*** PROVIDED DATA ***

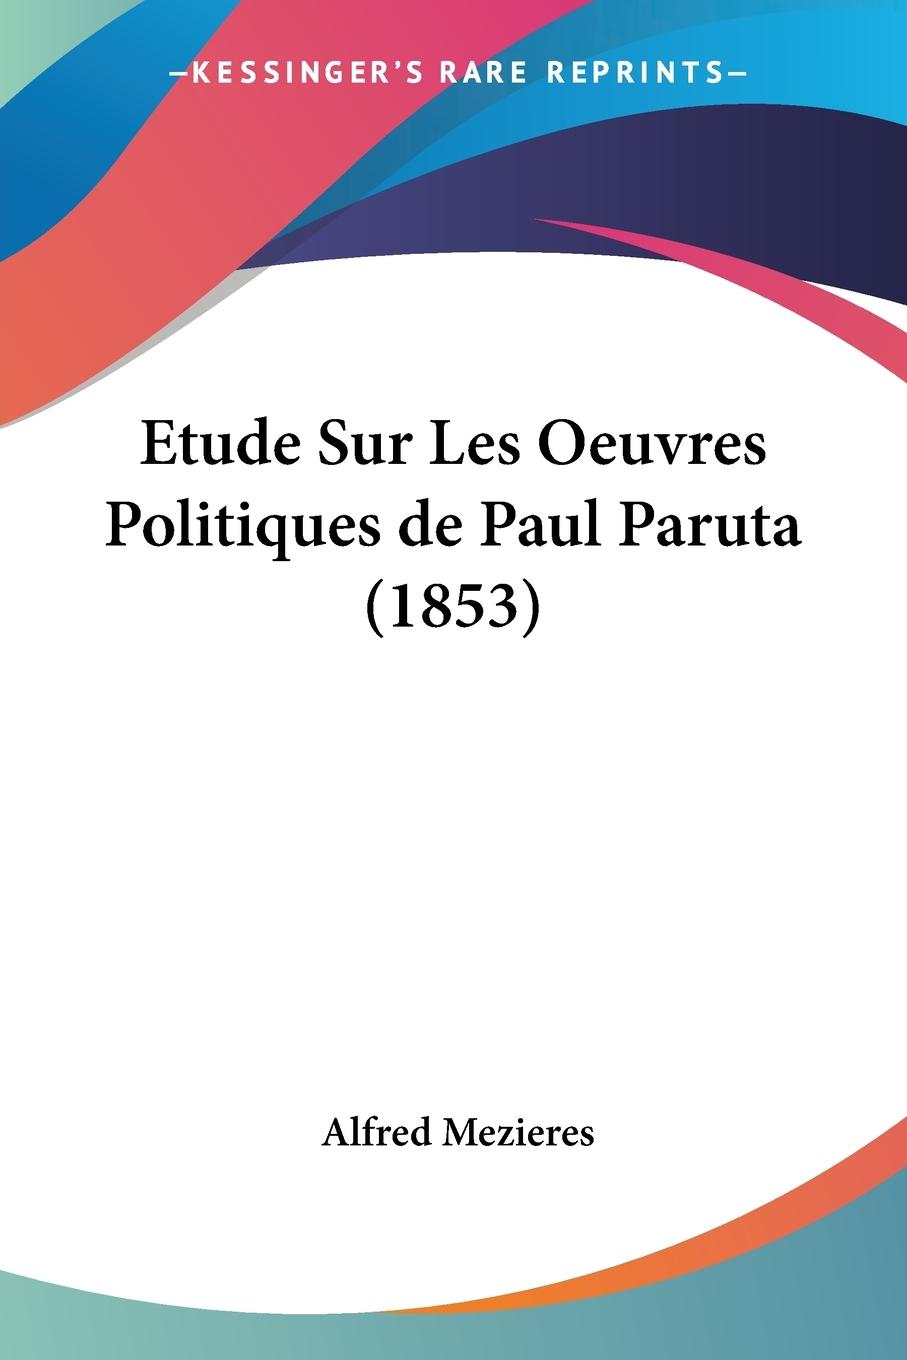 Etude Sur Les Oeuvres Politiques de Paul Paruta (1853) - Mezieres, Alfred
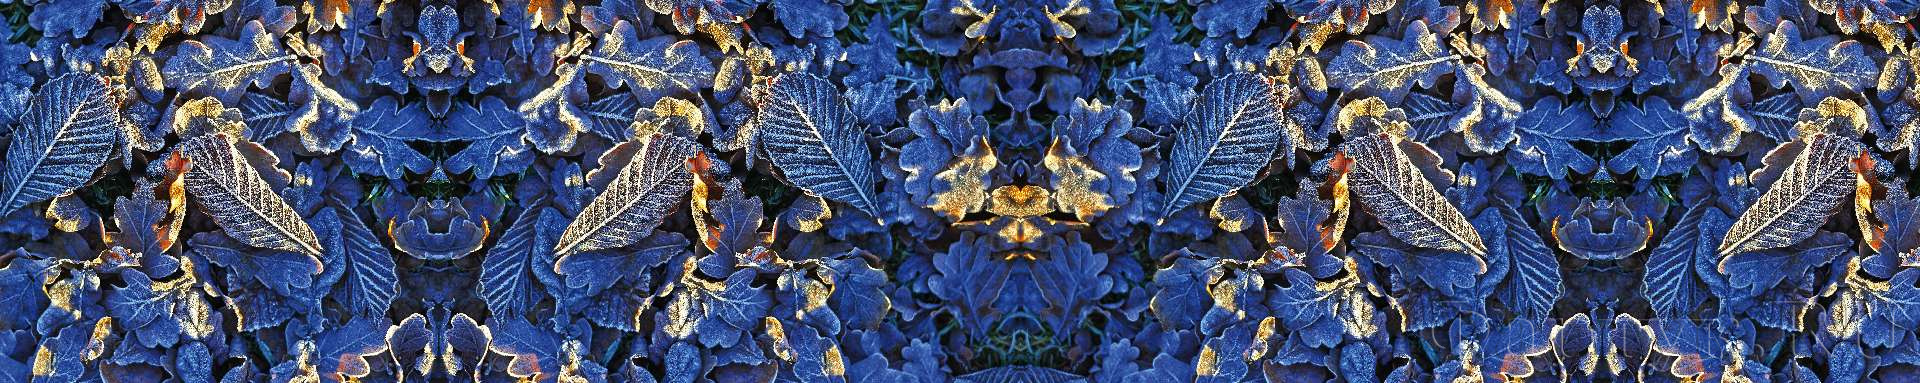 текстура синих листьев
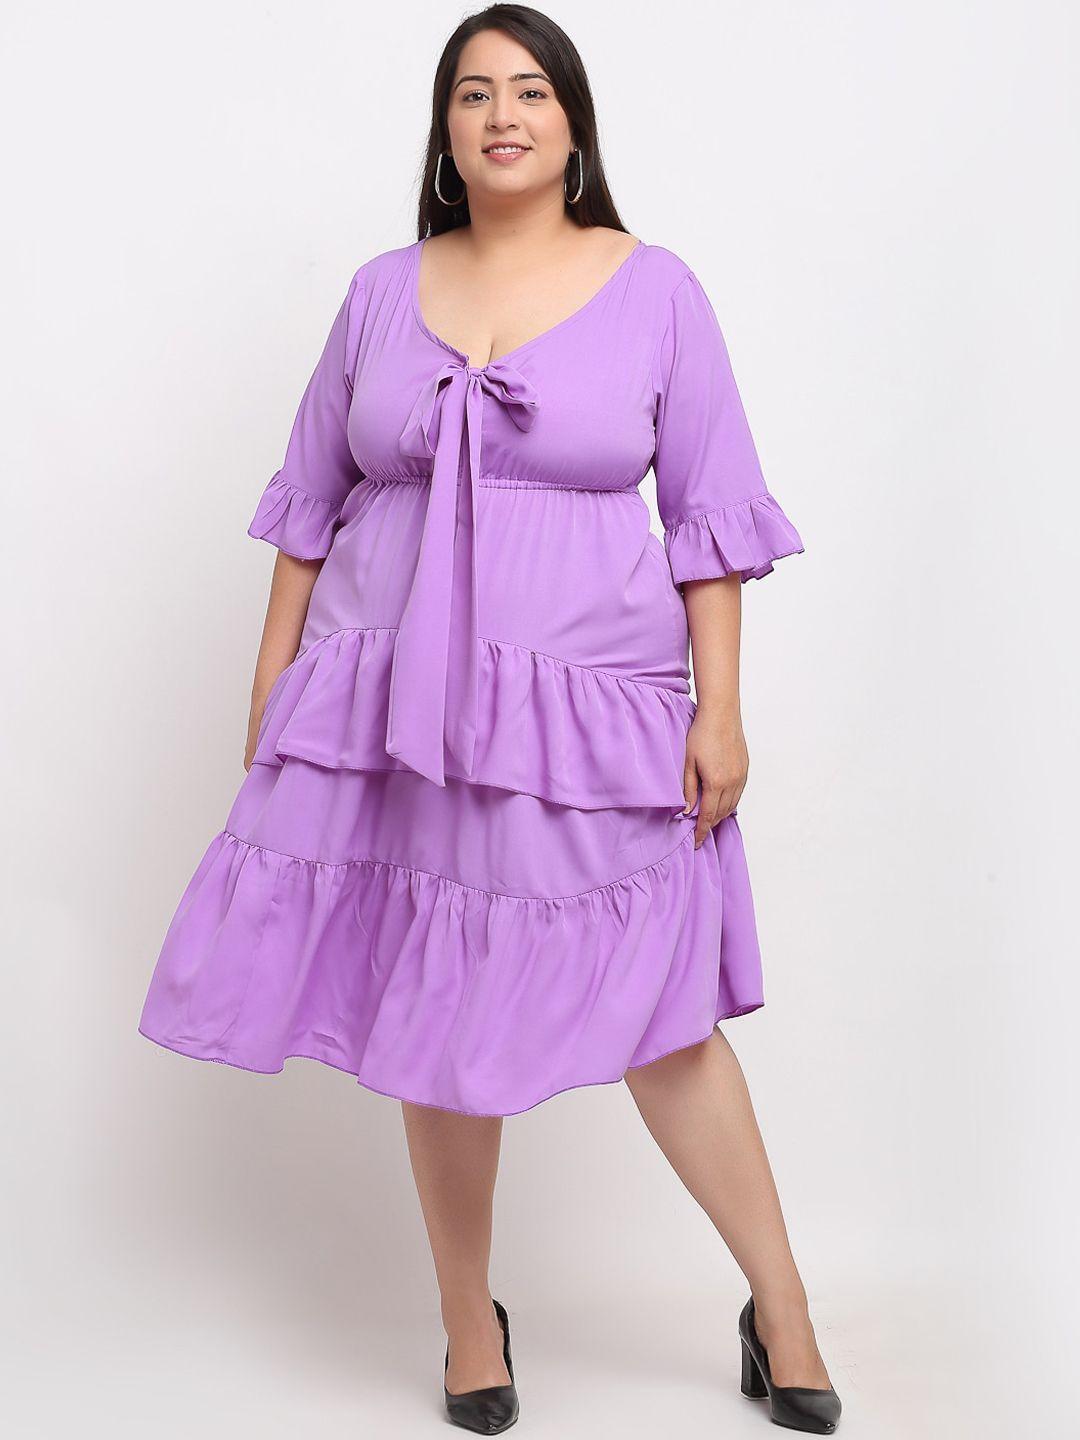 flambeur-plus-size-women-lavender-crepe-empire-dress
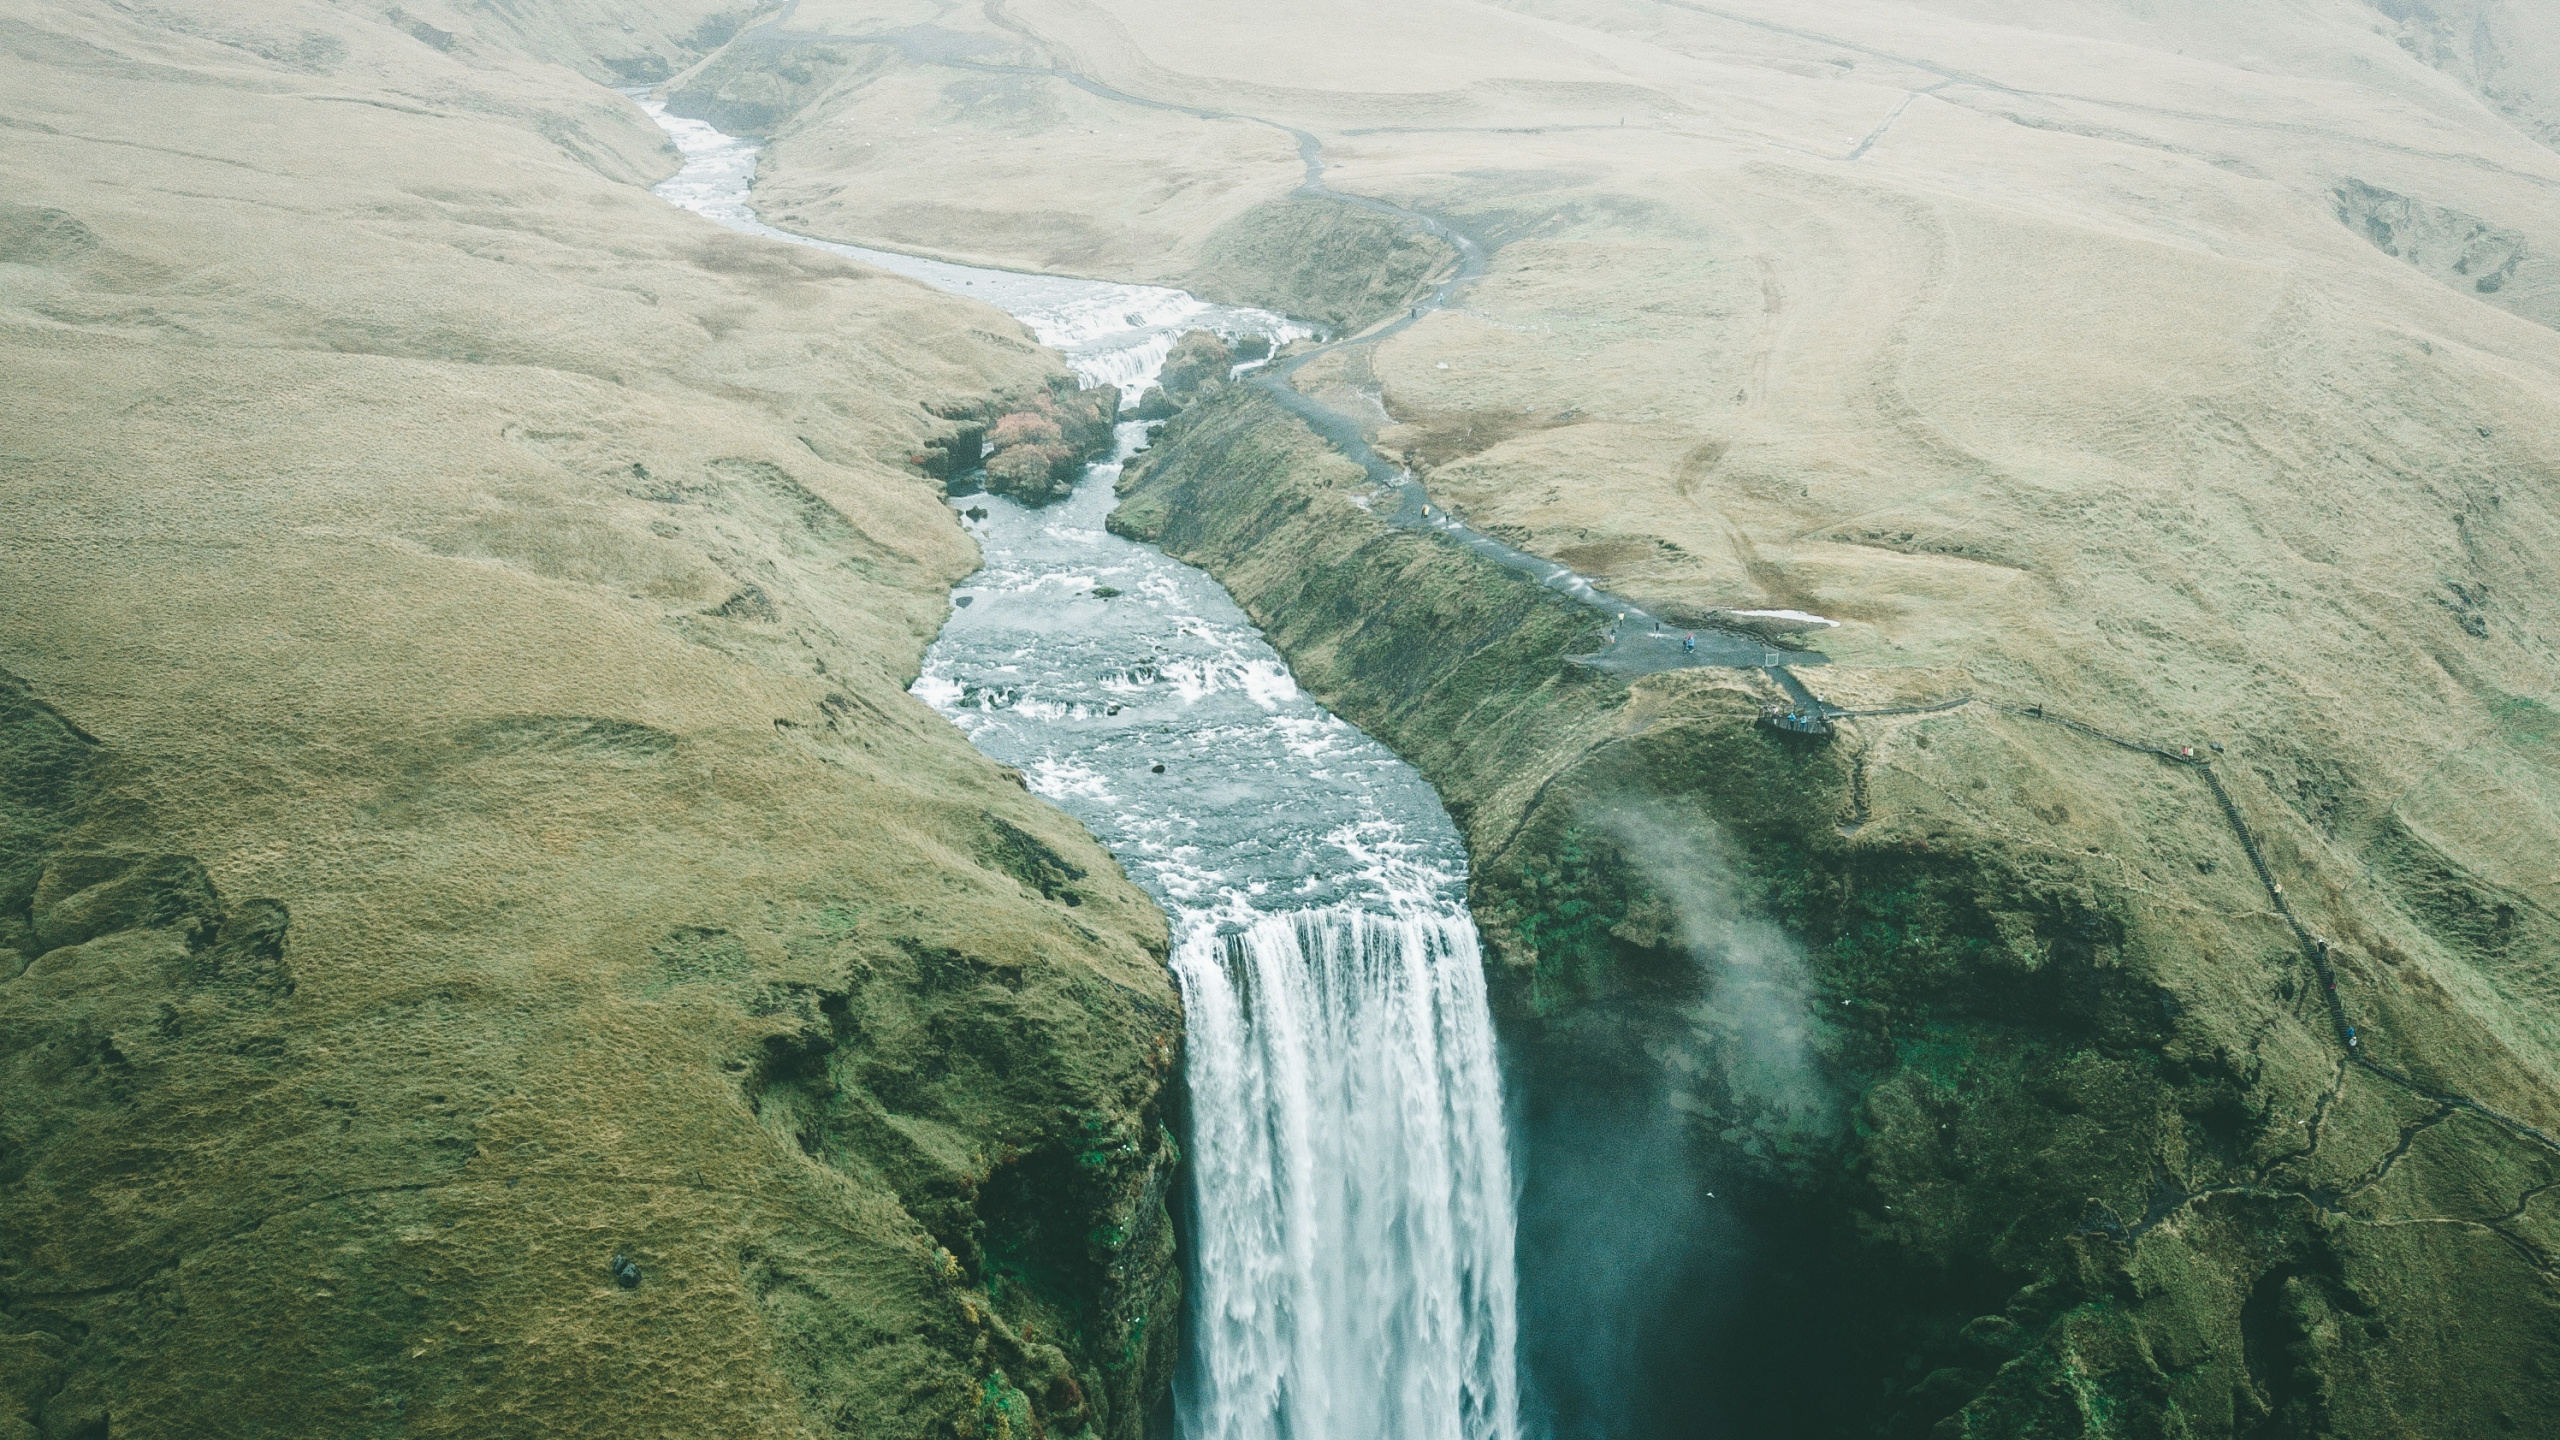 Wasserfall, Natur, Wasserressourcen, Gewässer, Wasser. Wallpaper in 2560x1440 Resolution

*** End of PROVIDED DATA ***

= WORK TASK =
Please return, exactly and with pictures omitted, the lines from the line holding "текстура синих листьев" through the end of the data above, inclusive.

= TASK OUTPUT =
 текстура синих листьев
 flambeur-plus-size-women-lavender-crepe-empire-dress
 Wasserfall, Natur, Wasserressourcen, Gewässer, Wasser. Wallpaper in 2560x1440 Resolution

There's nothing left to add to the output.